DESCRIPTION OF THE TASK: Look below for the line with "MH370 disappearance - Page 1" and the line with "Interior of a". Copy exactly those two lines and every line between, but not the pictures.

DATASET EXCERPTS:
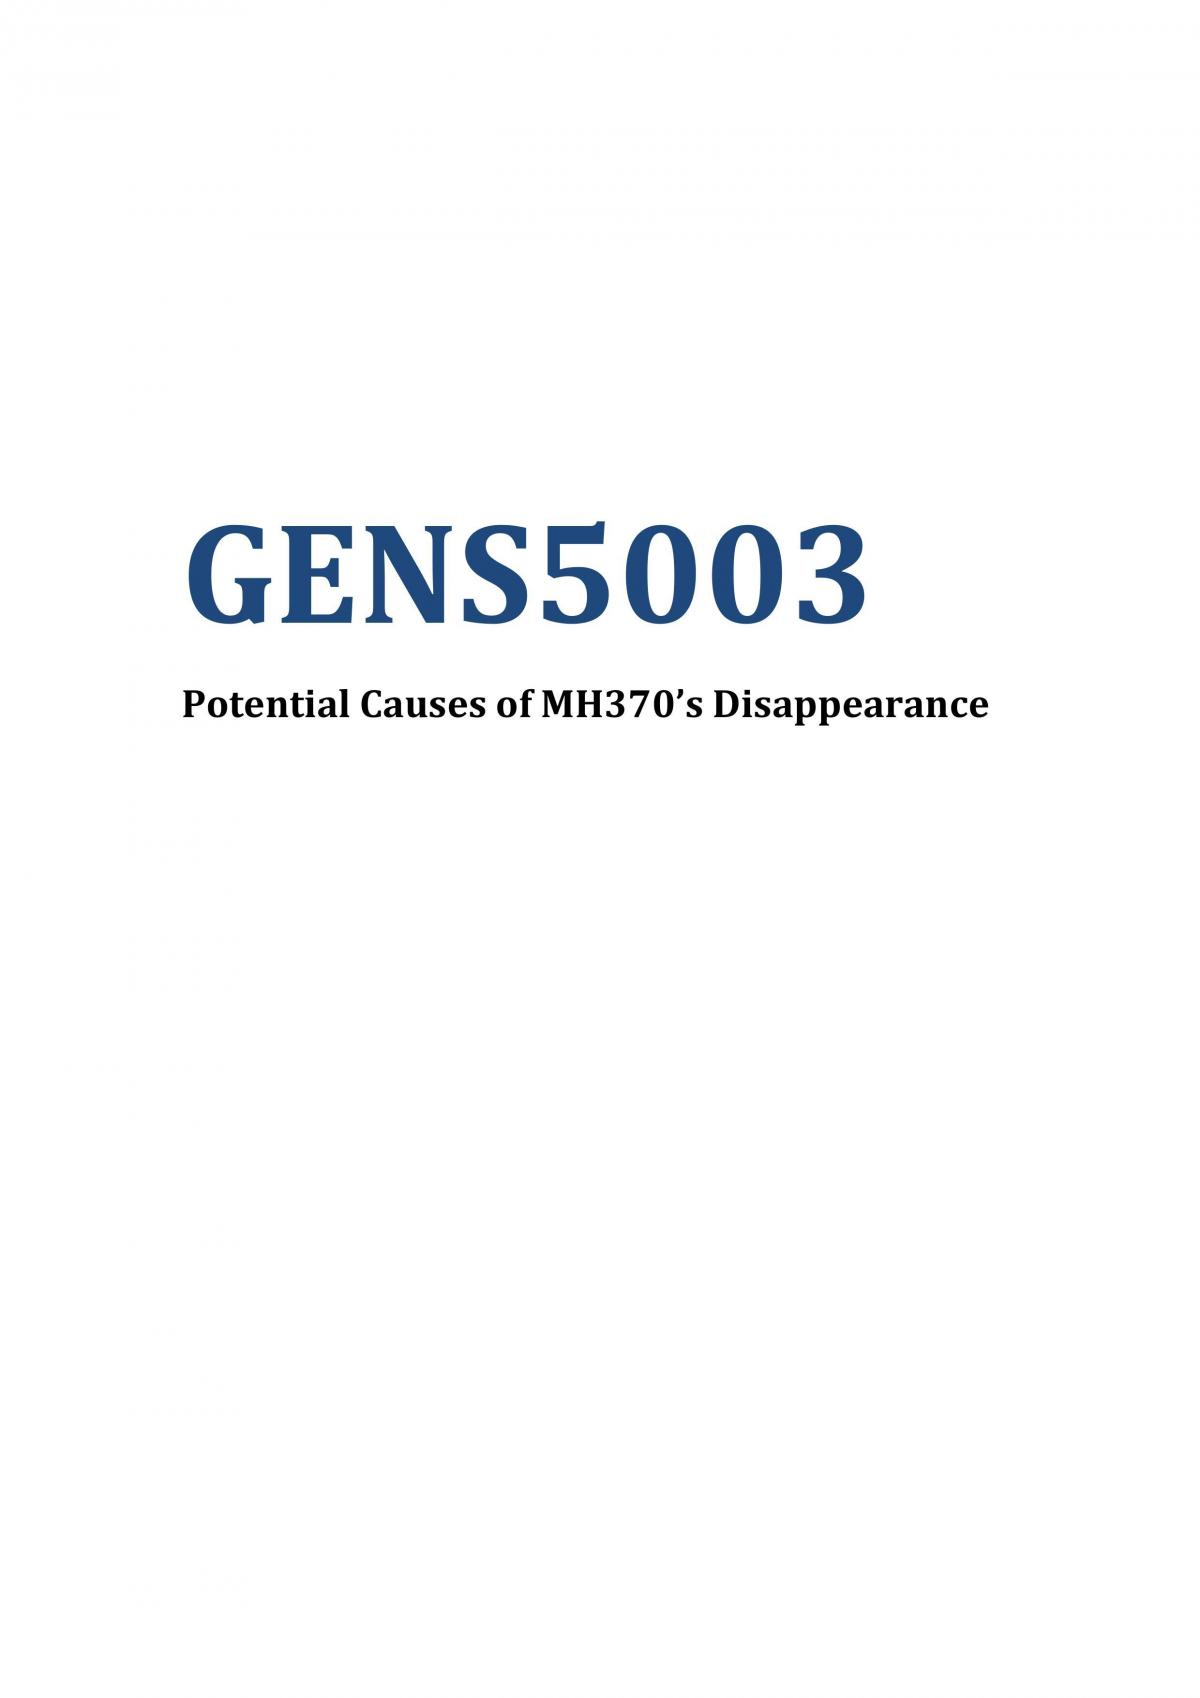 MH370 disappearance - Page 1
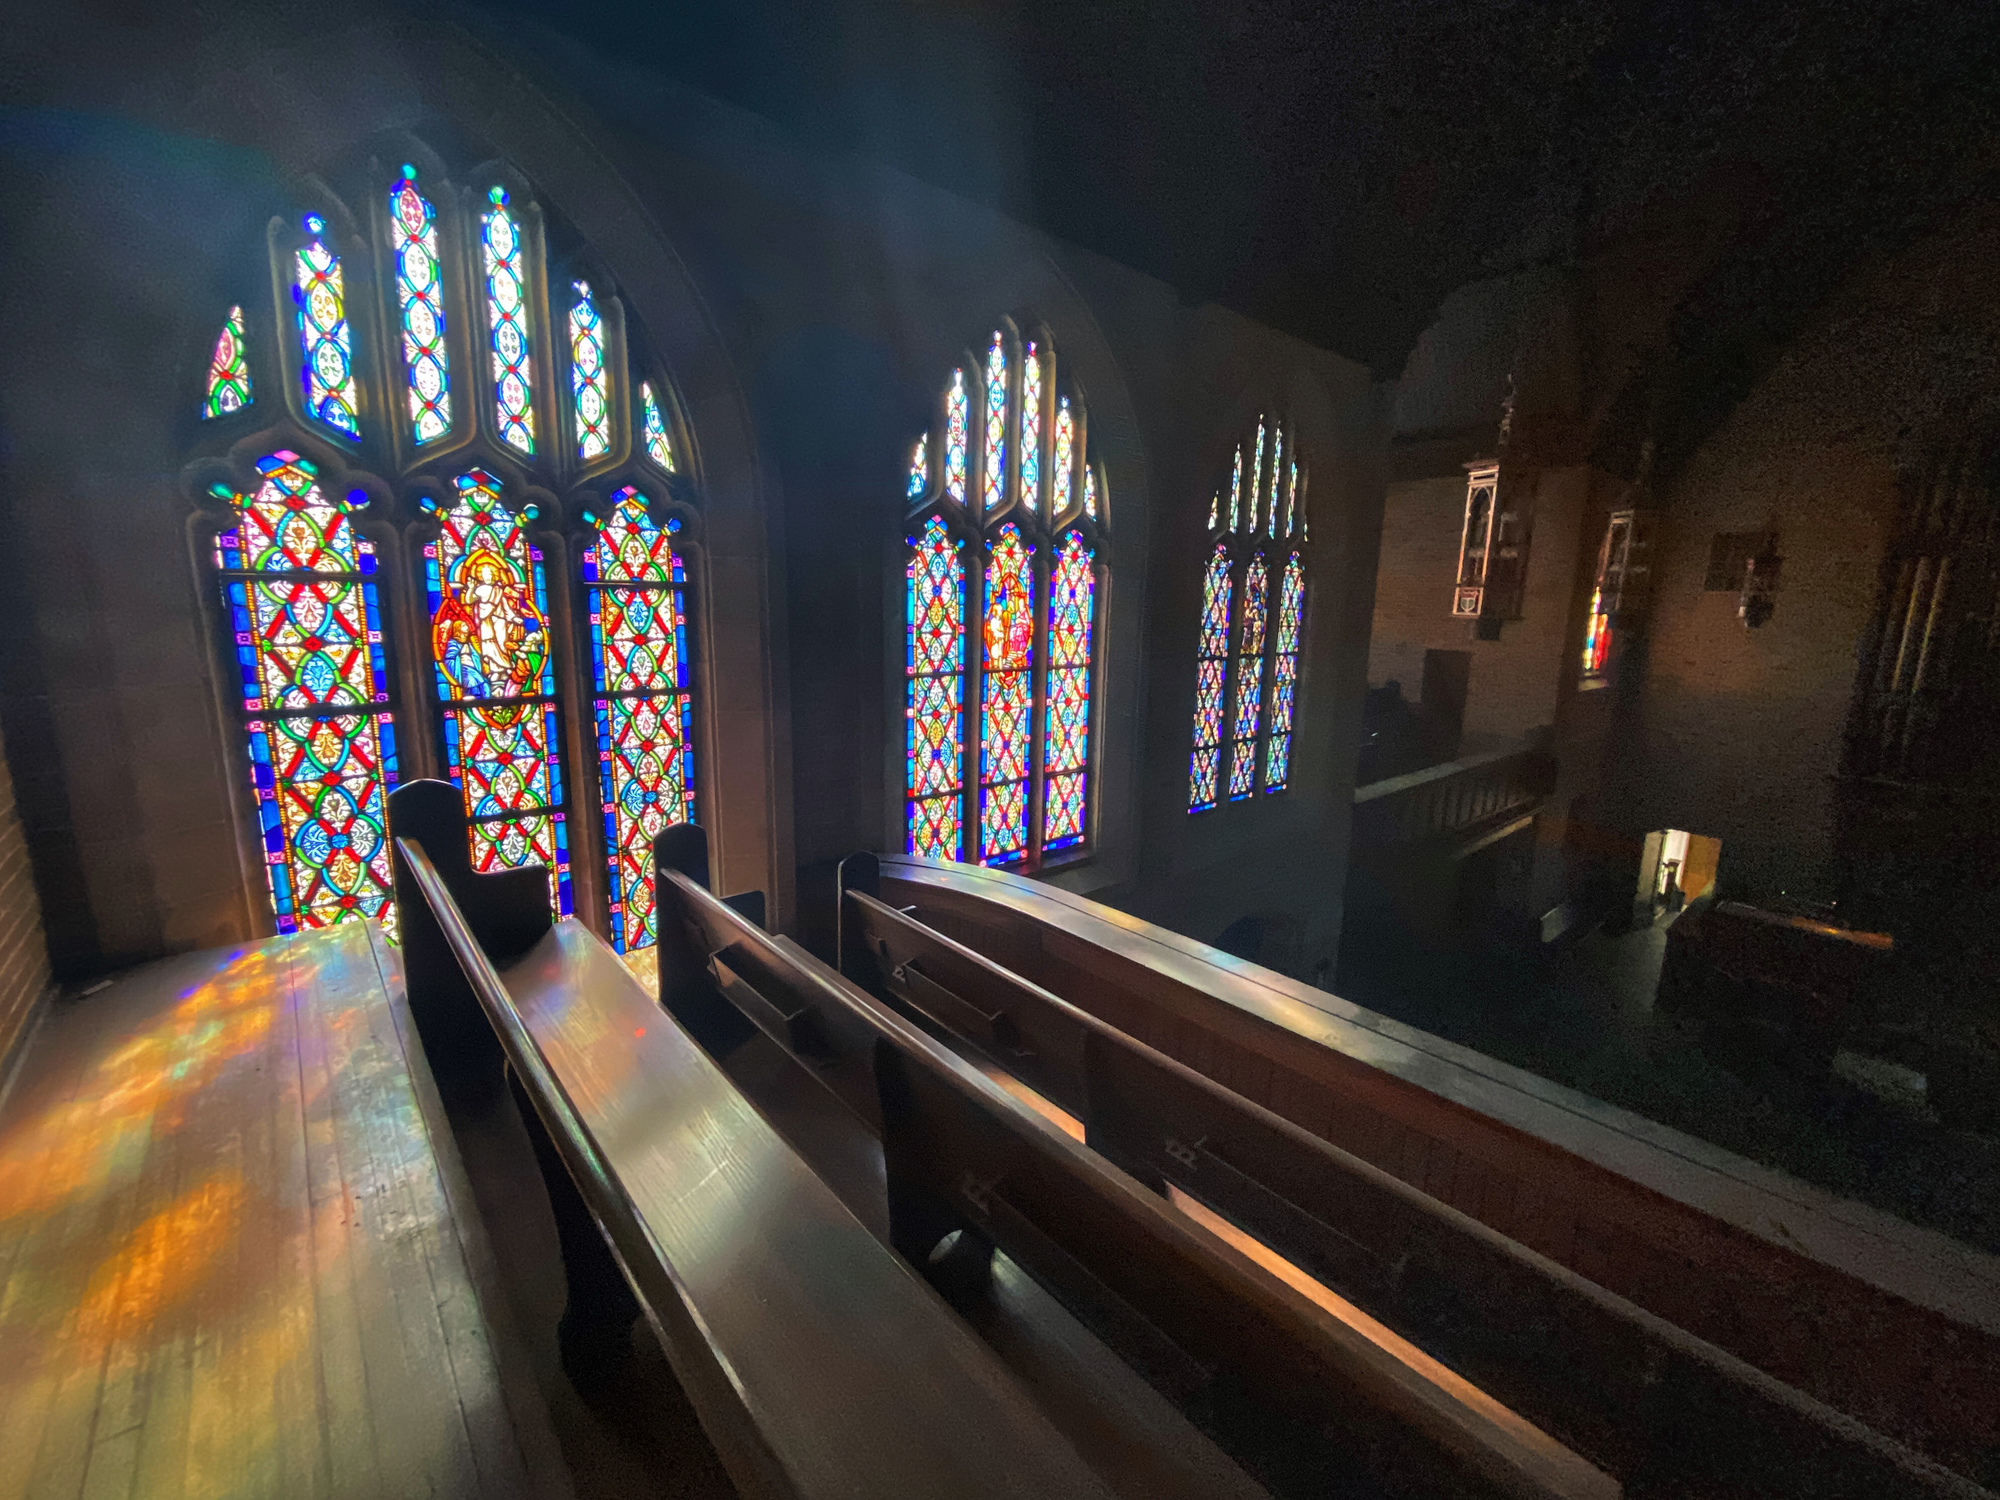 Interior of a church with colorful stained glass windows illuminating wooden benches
---
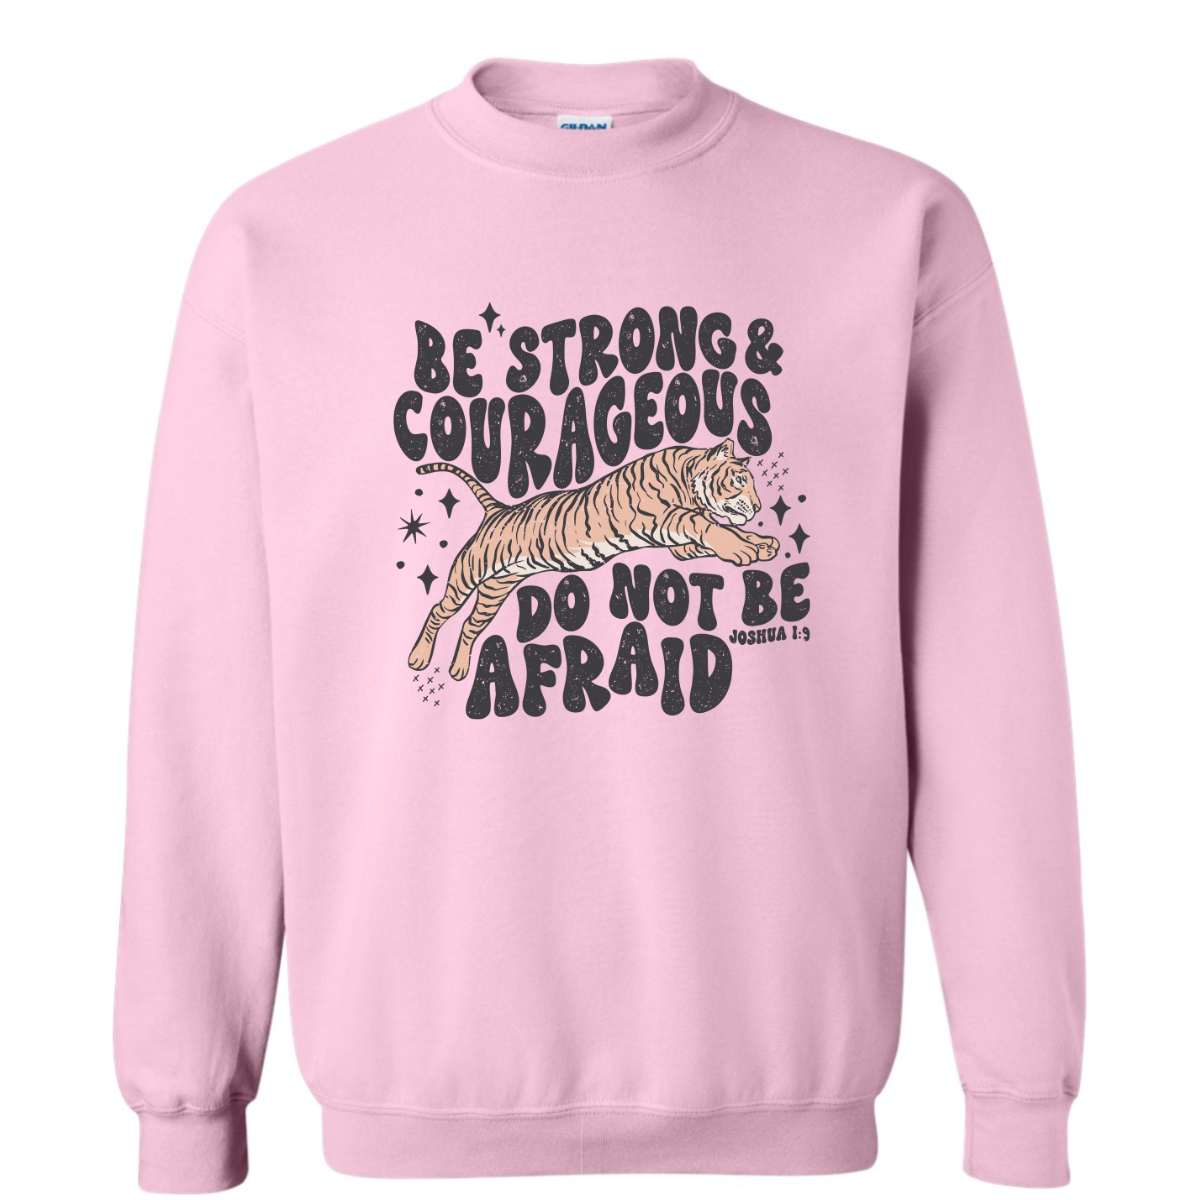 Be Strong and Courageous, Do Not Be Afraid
==
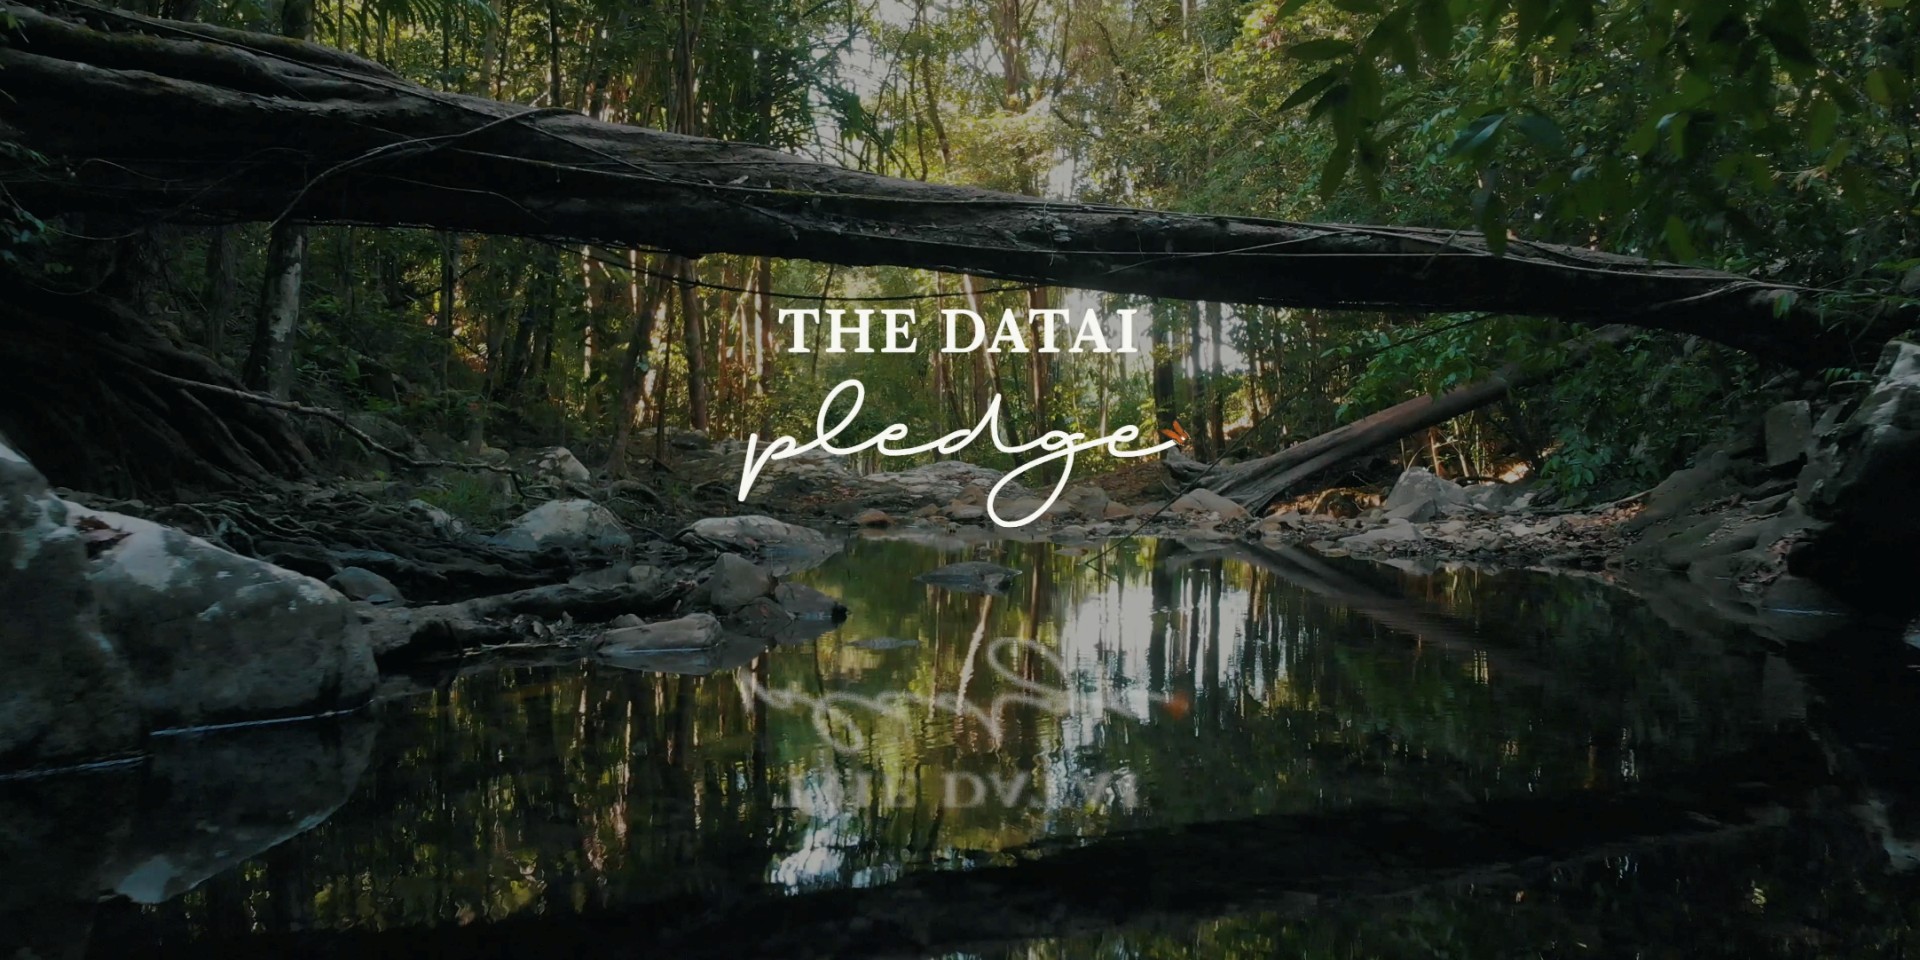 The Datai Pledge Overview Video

WRITTEN ANSWER:
 MH370 disappearance - Page 1
 Interior of a church with colorful stained glass windows illuminating wooden benches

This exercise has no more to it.